Our societal bias leading to health disparity finds its way into algorithmic outputs. The potential source of algorithmic harm spans the entire spectrum from problem selection and outcome definition to representative data availability and reliability.
The solutions to algorithmic bias are both systemic and technical. The technical solutions would not take us far, except if we uphold an ethically grounded system.
Our government and regulators must work towards reducing health disparity and systemic racism with the right policies. All stakeholders, including AI vendors and insurance companies, must take the concept of algorithmic vigilance seriously[8].
This process is similar to pharmacovigilance in the pharmaceutical industry and requires designing machine-learning models in ways that we can empirically examine after deployment[8].
It is well known that algorithmic performance changes when deploying it against different data sets, in various settings, and at other times. Consequently, the post-deployment audit should not be limited to the model output. Instead, it should examine whether impacts differ across relevant subgroups[9].
We should use relevant contextual information from the algorithmic surveillance activities to tweak the algorithm in an iterative feedback loop during the algorithm’s lifetime to prevent harm.

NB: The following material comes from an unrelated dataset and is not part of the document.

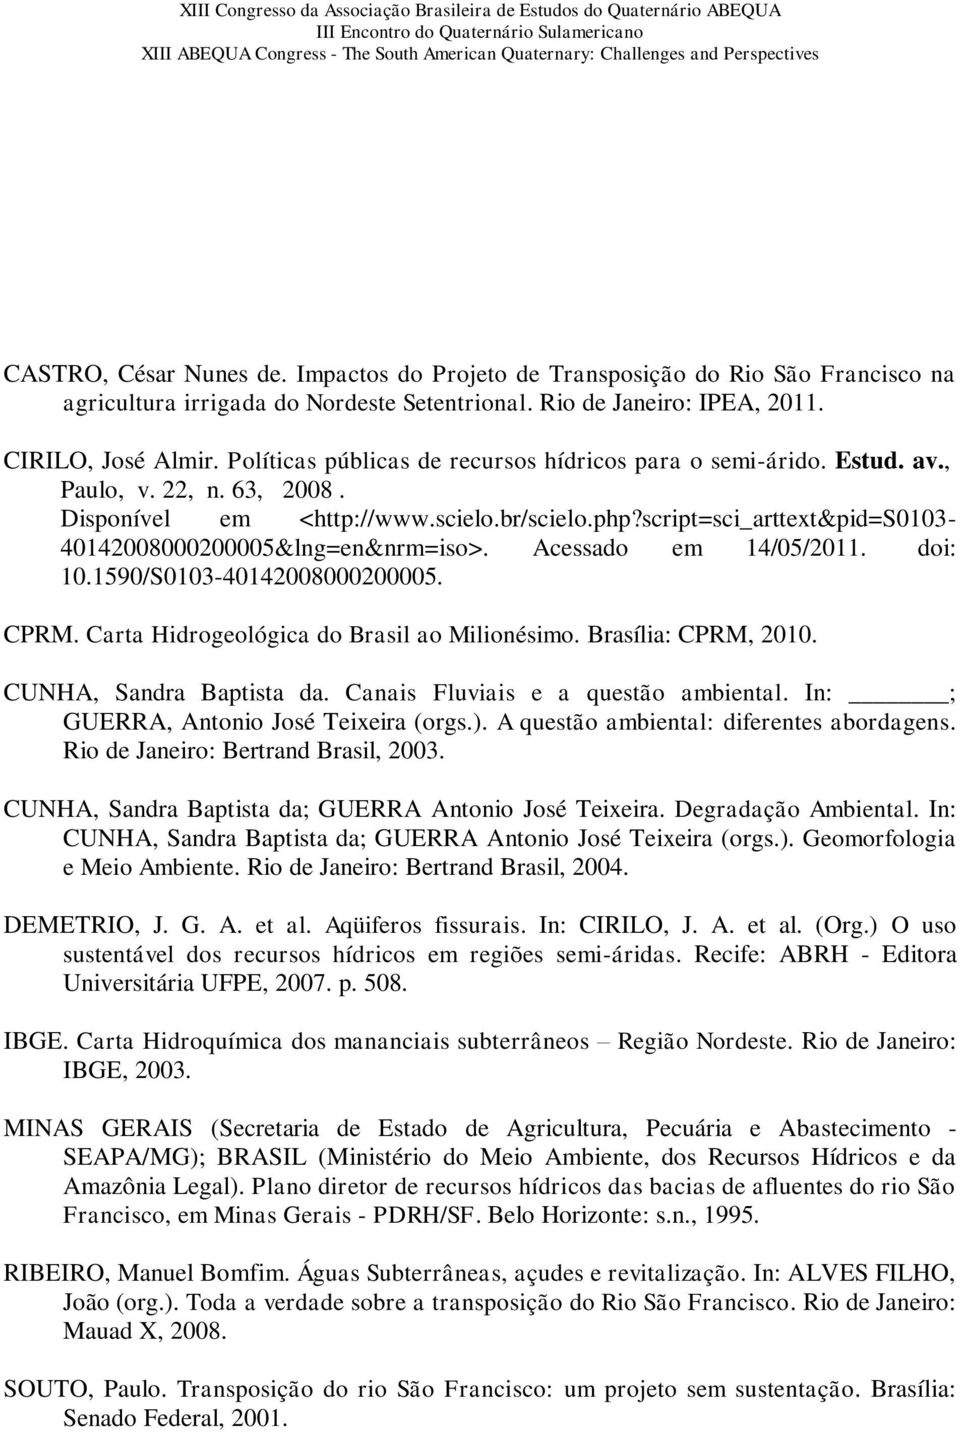 script=sci_arttext&pid=s0103-40142008000200005&lng=en&nrm=iso>. Acessado em 14/05/2011. doi: 10.1590/S0103-40142008000200005. CPRM. Carta Hidrogeológica do Brasil ao Milionésimo. Brasília: CPRM, 2010.

Adding SDOH to the data captured in the EHR can also reduce the bias from algorithms developed with EHR data[10]. However, it is equally vital that all clinicians learn to ask the right questions from algorithm developers trying to sell them a new tool.
Clinicians should ask at least two basic questions for their patients’ safety: How representative was the data used to develop the algorithm I am about to purchase? What is the plan for continuous algorithmic maintenance and model updating after deployment?